Применение бета-адреноблокаторов в кардиологии. Показания к назначению бета-адреноблокаторов включают ряд наиболее распространенных патологических состояний сердечно-сосудистой системы.
По указанным показаниям бета-адреноблокаторы применяются у очень большого числа больных. Поэтому необходимо помнить о возможных нежелательных лекарственных реакциях. К основным побочным эффектам, развивающимся на фоне приема бета-адреноблокаторов, относятся брадикардия, блокады сердца, артериальная гипотензия, нарушения кровообращения в конечностях, бронхоспазм, эректильная дисфункция, нарушения сна, гипогликемия, гипертриглицеридемия, головная боль, головокружение, тошнота.

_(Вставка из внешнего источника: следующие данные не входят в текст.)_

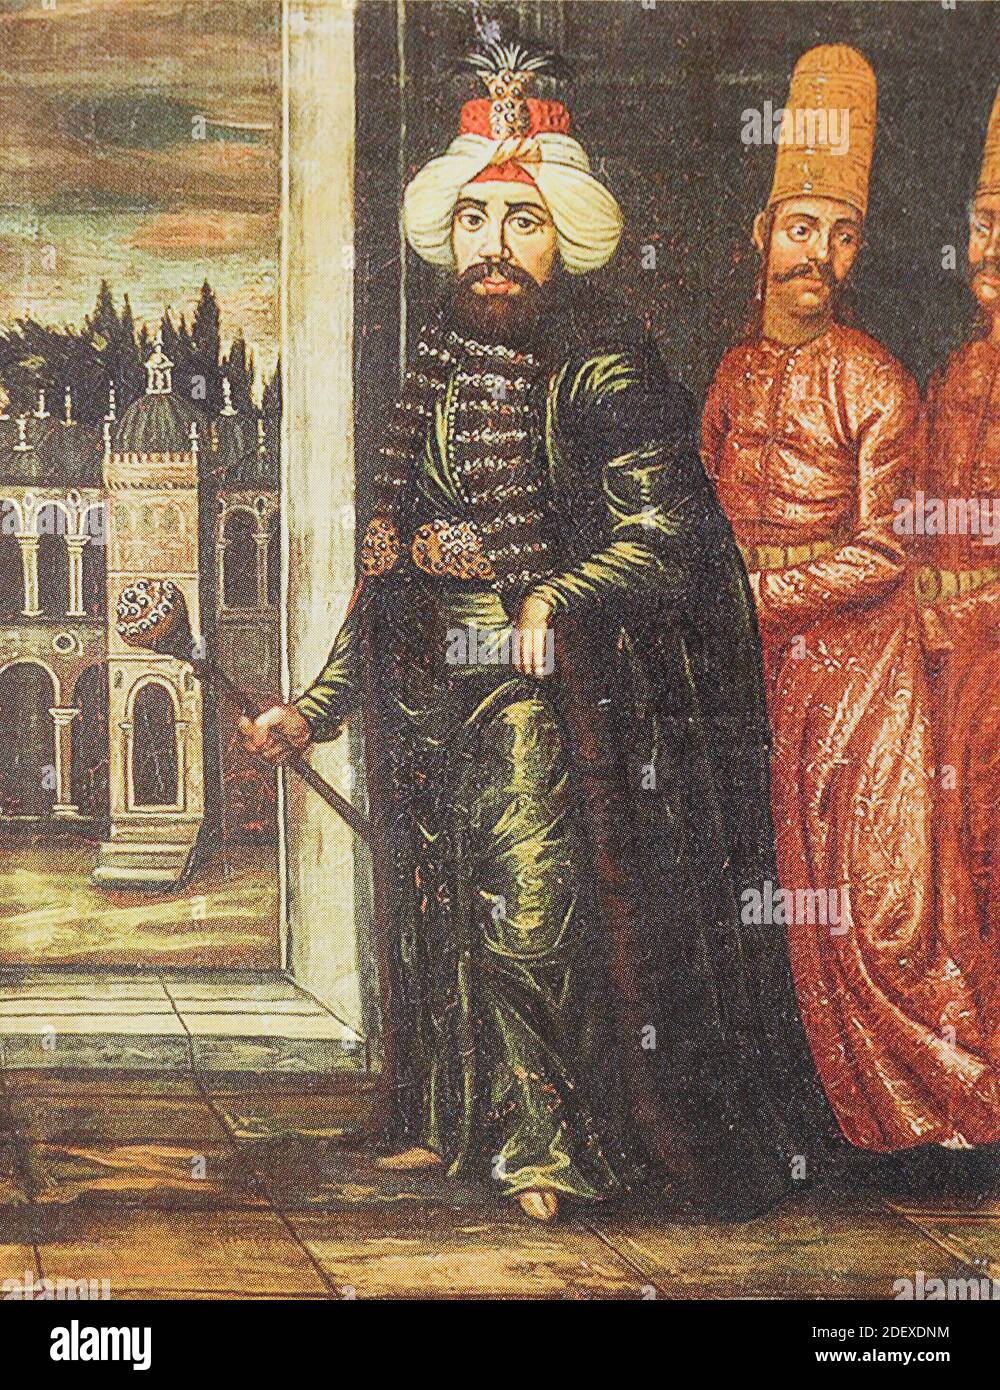 Ritratto del sultano dell'Impero Ottomano Ahmed III (30 dicembre 1673 – 1 luglio 1736). Turco in miniatura. Ahmed III era Sultano dell'Impero Ottomano e figlio del sultano Mehmed IV (r. 1648–87). Sua madre era Gülnuş Sultan, originariamente chiamata Evmenia voRia, che era un greco etnico. Nacque a Hacıoğlu Pazarcık, a Dobruja. Foto Stock

При длительном приеме существует опасность возникновения синдрома отмены. Абсолютные противопоказания к назначению бета-адреноблокаторов включают выраженную брадикардию в покое (ЧСС менее 50 ударов в мин.), синдром слабости синусового узла, АВ-блокаду II и III степени (кроме больных с искусственным водителем ритма), кардиогенный шок, отек легких, бронхиальную астму, артериальную гипотензию с систолическим АД ниже 100 мм рт. ст. Кроме того, следует помнить об относительных противопоказаниях, в числе которых сахарный диабет, ХОБЛ, острая язва желудка и двенадцатиперстной кишки, нарушения периферического кровообращения («перемежающаяся» хромота, синдром Рейно), депрессивные состояния, феохромоцитома (1).
Преимущества высокоселективного бета-адреноблокатора бисопролола. Как уже отмечалось, способность препарата блокировать β2-адренорецепторы способствует развитию побочных эффектов и является нежелательной с клинической точки зрения. Способность бета-адреноблокатора избирательно блокировать β1-адренорецепторы называется кардиоселективностью. Самым высоким показателем кардиоселективности среди бета-адреноблокаторов обладает бисопролол (Бипрол): сродство бисопролола к β1-адренорецепторам в 75 раз выше, чем к β2-адренорецепторам, тогда как для других кардиоселективных бета-адреноблокаторов этот показатель ощутимо ниже (1:20 для метопролола и 1:35 для атенолола). С практических позиций высокая кардиоселективность бисопролола (Бипрола) наделяет его рядом преимуществ в плане безопасности применения: препарат практически лишен побочных эффектов, связанных с блокадой β2-адренорецепторов (2).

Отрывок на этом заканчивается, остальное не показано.